Aus Online Mathematik Brückenkurs 1

We draw a unit circle and mark on those angles on the circle which have a \displaystyle y -coordinate of \displaystyle {\sqrt{3}}/{2}\;, in order to see which solutions lie between \displaystyle 0 and \displaystyle 2\pi .

In the first quadrant, we recognize \displaystyle x={\pi }/{3}\; as the angle which has a sine value of \displaystyle {\sqrt{3}}/{2}\; and then we have the reflectionally symmetric solution \displaystyle x=\pi -\frac{\pi }{3}=\frac{2\pi }{3} in the second quadrant.

Each of those solutions returns to itself after every revolution, so that we obtain the complete solution if we add multiples of \displaystyle 2\pi

\displaystyle x=\frac{\pi }{3}+2n\pi and \displaystyle x=\frac{2\pi }{3}+2n\pi

where \displaystyle n is an arbitrary integer.

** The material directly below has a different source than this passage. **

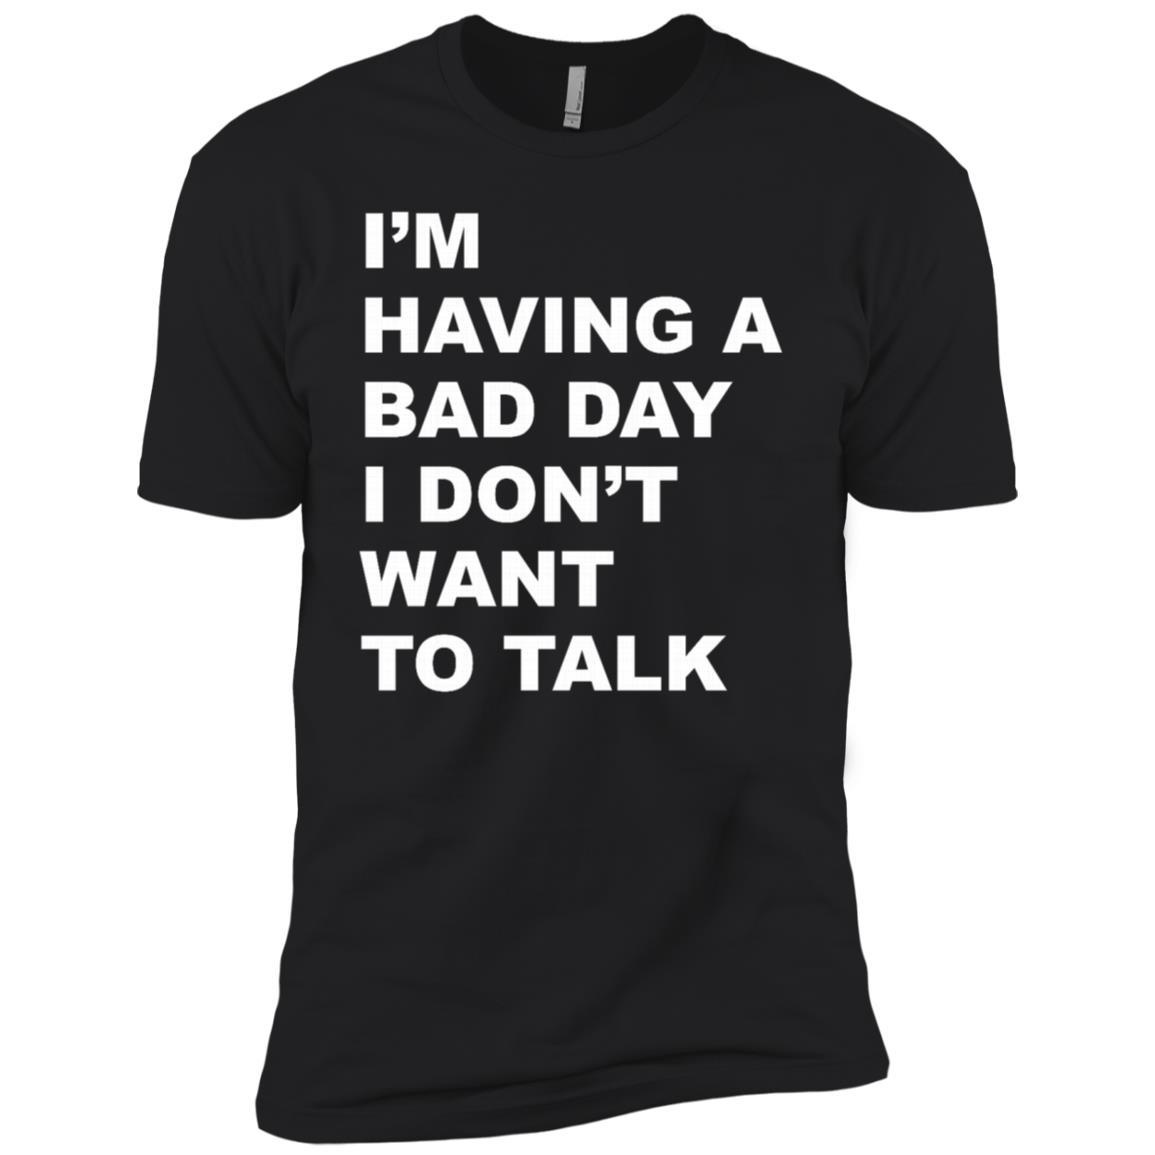 I'm having a bad day I don't want to talk Men Short Sleeve T-Shirt

NOTE: when we write that the complete solution is given by

\displaystyle x=\frac{\pi }{3}+2n\pi and \displaystyle x=\frac{2\pi }{3}+2n\pi ,

this means that for every integer \displaystyle n, we obtain a solution to the equation:

\displaystyle \begin{array}{*{35}l} n=0 & x=\frac{\pi }{3} & x=\frac{2\pi }{3} \\ n=-1 & x=\frac{\pi }{3}+\left( -1 \right)\centerdot 2\pi & x=\frac{2\pi }{3}+\left( -1 \right)\centerdot 2\pi \\ n=1 & x=\frac{\pi }{3}+1\centerdot 2\pi & x=\frac{2\pi }{3}+1\centerdot 2\pi \\ n=-2 & x=\frac{\pi }{3}+\left( -2 \right)\centerdot 2\pi & x=\frac{2\pi }{3}+\left( -2 \right)\centerdot 2\pi \\ n=2 & x=\frac{\pi }{3}+2\centerdot 2\pi & x=\frac{2\pi }{3}+2\centerdot 2\pi \\ \end{array}

and so on.